John Baymore on mon 2 dec 96

Hi all. Back from Japan. It was a wonderful experience. (more on that later
when I catch up on my life).

Swore I wasn't going to get into this one .......... but..............
(this might be long.....sorry)

----------------------------Original message----------------------------
From: "Wesley R. Handrow"
Subject: Re: EPA new clean-air standards

The new standard that the rule refers to might just cover kilns firing
with wood. The small particle size is produced through the incomplete
burning of fuel(soot), this would take place during reduction. I've not
had a chance to go through the new standards with a fine toothed comb ....
-----------------------------------------------------------------

It suprises many potters to find out that the EPA does have jurisdiction (and
always did) over the emissions of any fuel-fired kiln. We are no different in
that regard than any manufacturer of clay products. Give their local offices a
call (they are in the phone book) and ask a few questions....... the answers
will suprise you. Installation permits and operation permits! Huh?
Monitoring? Few potters are aware of the EPA air quality regulations and even
less are in compliance. Local town governments are not aware that the EPA would
have any concerns or jurisdiction, so they almost never discuss it in their own
permitting process on a kiln installation.

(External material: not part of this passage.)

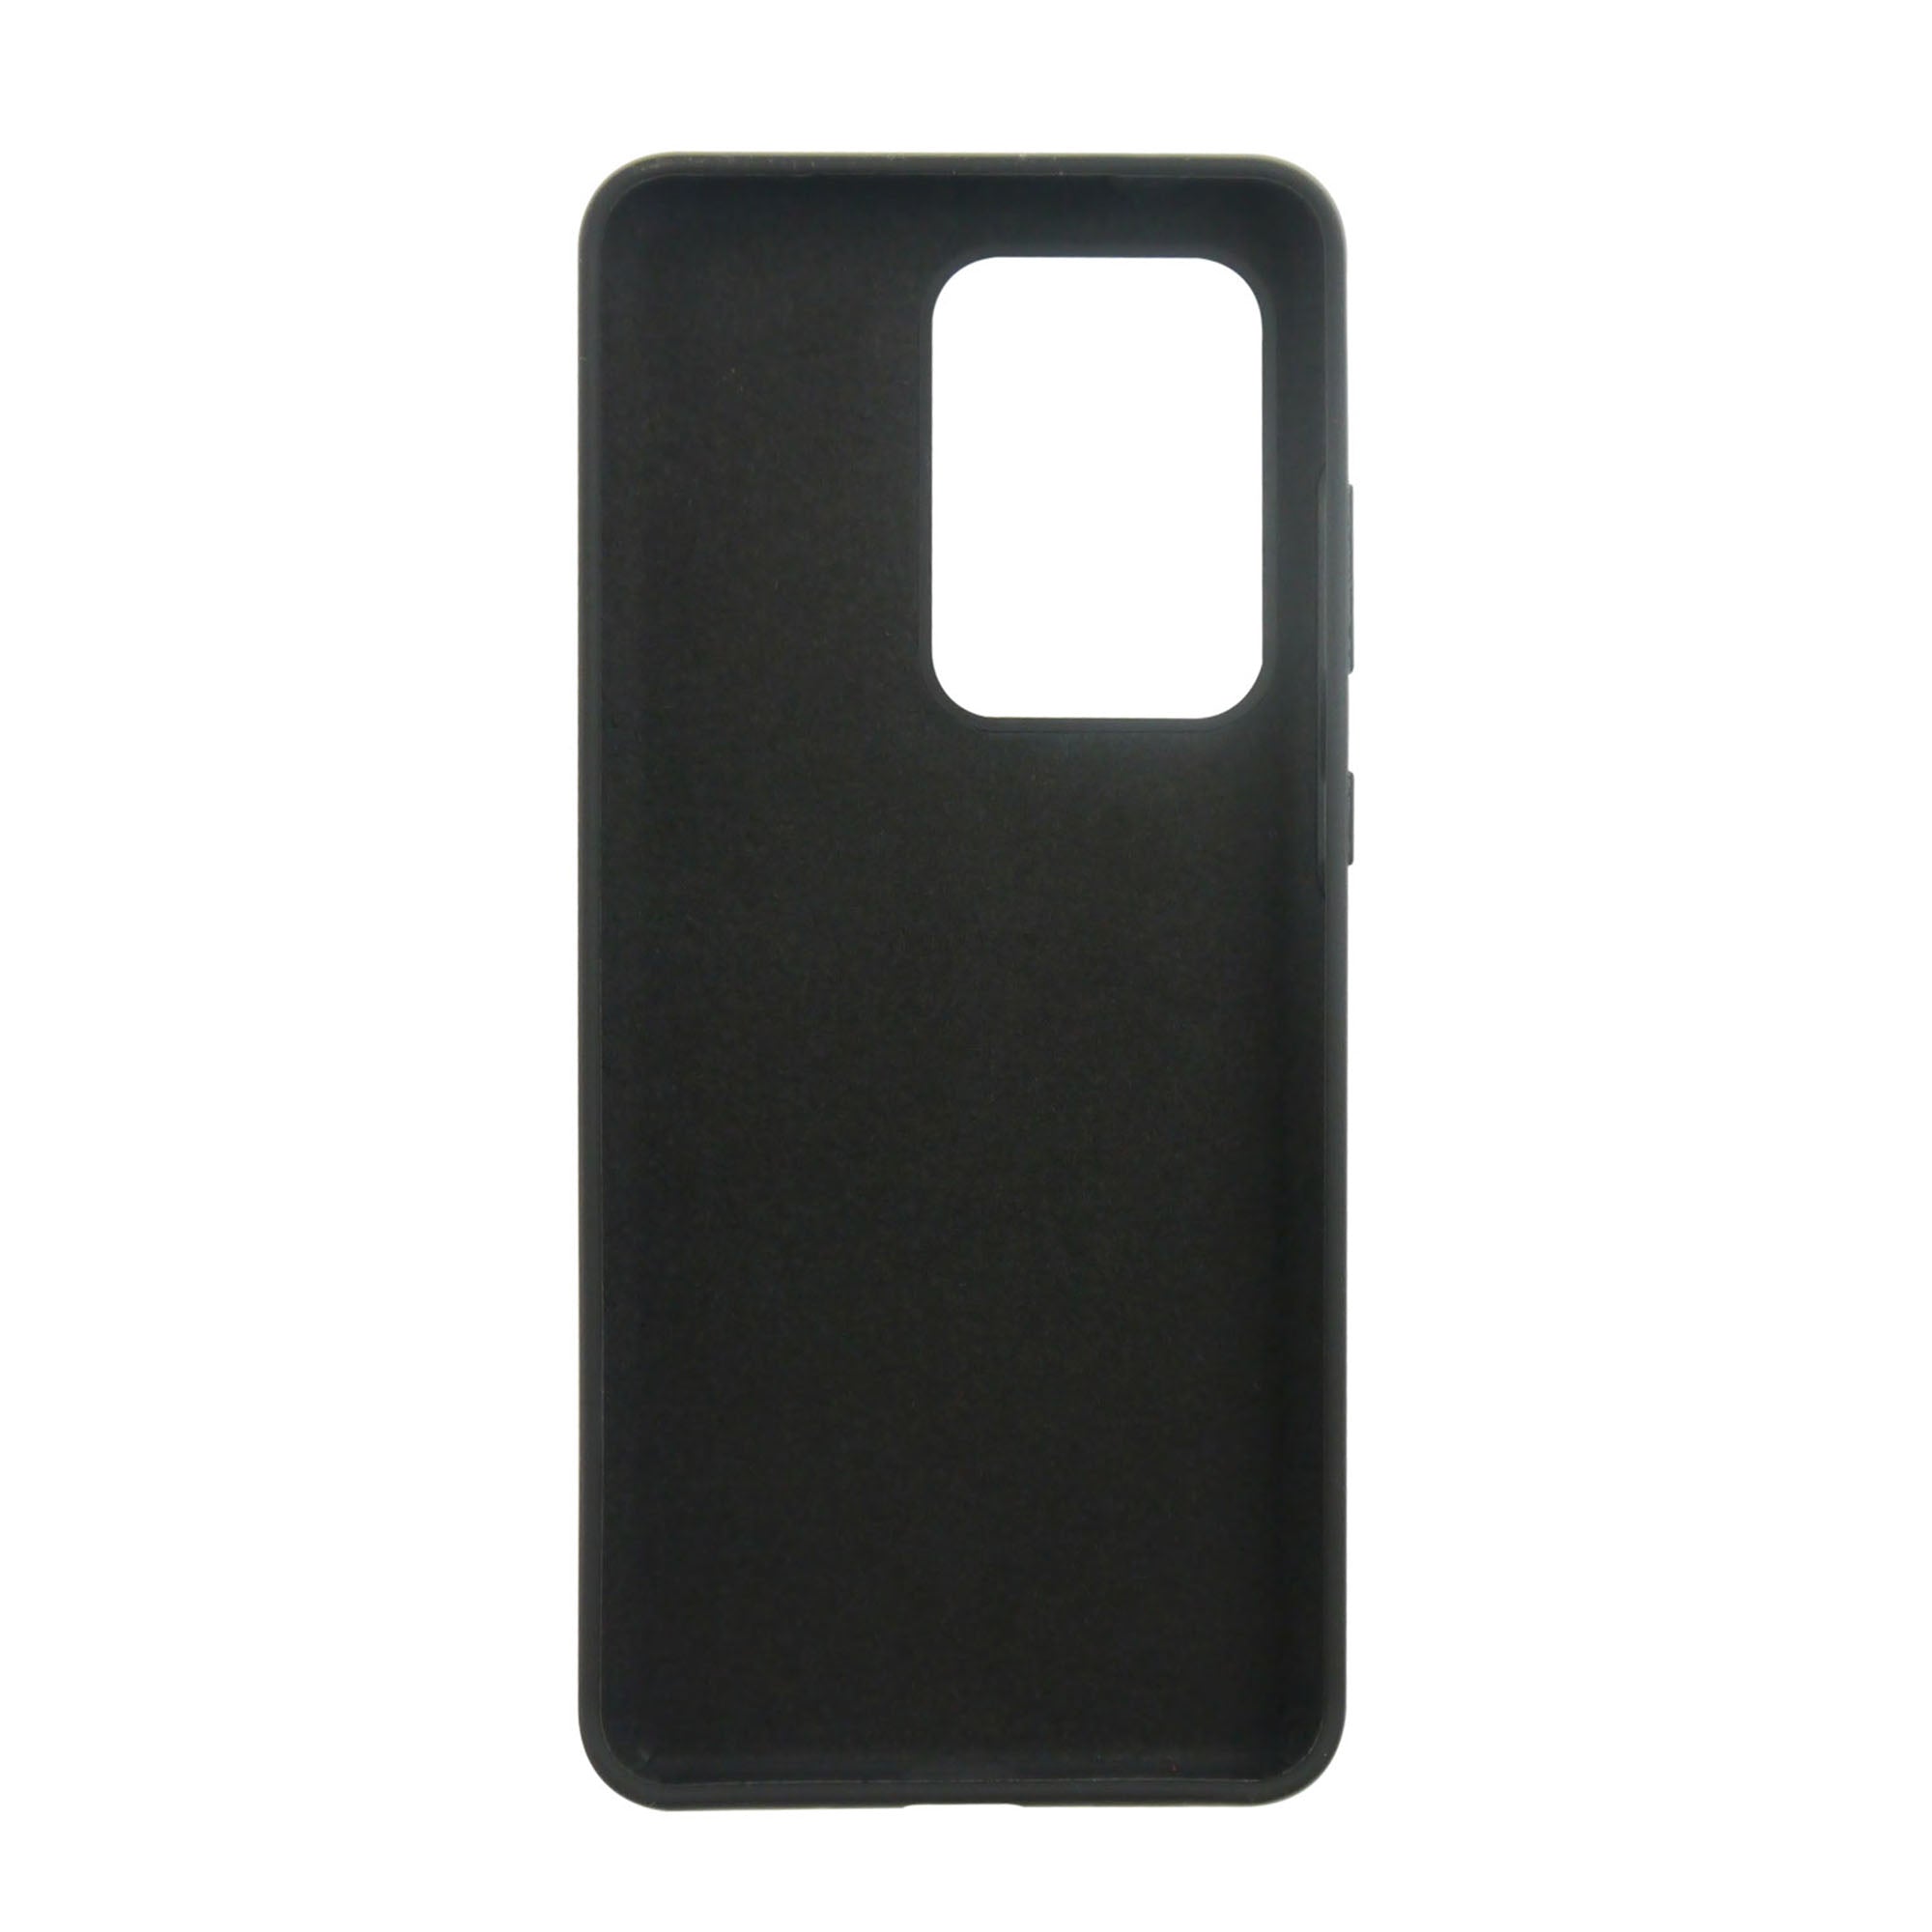 Samsung Galaxy S20 Ultra 5G Uunique Black Liquid Silicone Case - 15-06634

Because we're looked on as "artists", few connect our activities with the world
of manufacturing. So we all just "get away with it". Except the unlucky
ones........ who have a neighbor complain. (Keep giving those neighbors nice
pots folks .)

Wesley's comment "....might just cover...." is an understatement. The new regs
certainly cover wood fired kilns, since wood fired kilns were covered before and
did not meet the OLD particulate emission standard! If this proposed standard
is enacted into law, they are even more non-compliant. (BTW......We are in a 60
day "public comment" period on this one. Get out your pens.) There are two
areas that wood kilns typically "fail" on even under the old standards......
opacity of emissions and airborne particulate volume.

While it was possible by the use of a simple afterburner system to deal with the
opacity issue (mostly unburned gases) on many types of wood kilns (anagamas NOT
typically being one of them), the particulate issue is one that only very
sophisticated treatment equipment will solve. That equipment would cost far
more than the kiln, is dependant on electric power, and has ongoing operating
and maintenence costs. Pretty impractical in most situations.

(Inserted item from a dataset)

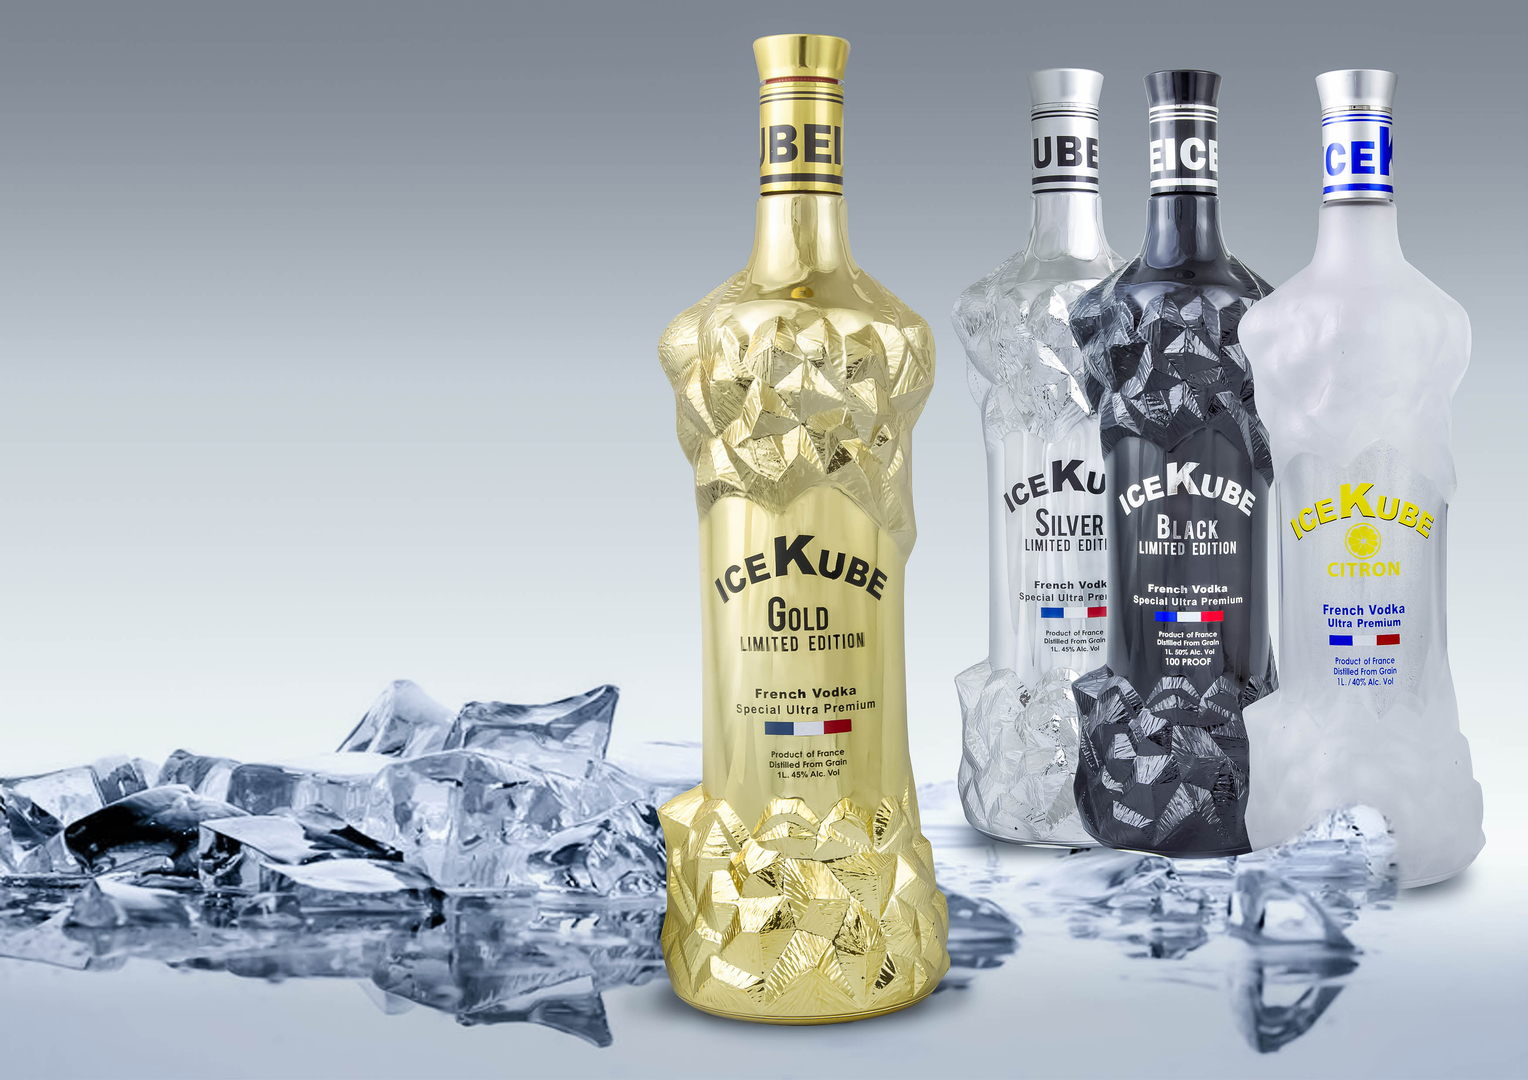 Rượu Vodka Pháp Ice Kube Gold nhập khẩu trực tiếp Hà Nội giá rẻ

BTW....... the comment "......small particle size is produced through the
incomplete
burning of fuel(soot), ......" also points to the fact that if you fire any type
of kiln really dirty (which there is NO reason to do), you will be producing
particulate, which could put you in violation of the new (or old) particulate
regs. Raku smoke would fall into this category too.

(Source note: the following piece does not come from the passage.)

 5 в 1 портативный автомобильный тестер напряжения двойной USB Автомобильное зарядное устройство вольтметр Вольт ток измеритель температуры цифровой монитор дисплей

Luckily for those who fire with wood (and drain oil, etc.) and do activities
like raku and pit firings, the EPA is not particularly aware of potters. (Yet!)
Besides that, we are really small guns in the "pollution business". If there
are direct complaints though, they will investigate potters. And they have been
known to shut down wood and salt kilns.

I just got back from Japan and saw many beautiful noborigama sitting there that
can no longer be fired due to air pollution laws. (Lots of gas and electric
kilns now.) This was happening to the potters, while a short distance away huge
volumes of rice straw and rice husk was being burned in smoking open piles,
people were burning their garbage each morning in little smoking piles, smoke
stacks from the major industrial plants appeared to be spewing TONS of junk into
the air (more than seen in the US), small businesses had little (unscrubbed)
incinerators in their back yards burning all their garbage, and so on, and so
on.

Interesting. The potters certainly were shut down........ but other polluting
activities apparently continue on pretty much unhindered. This in a culture
that holds pottery production in the highest esteem (And I discovered you can't
really understand how high without being there for at least a little while!).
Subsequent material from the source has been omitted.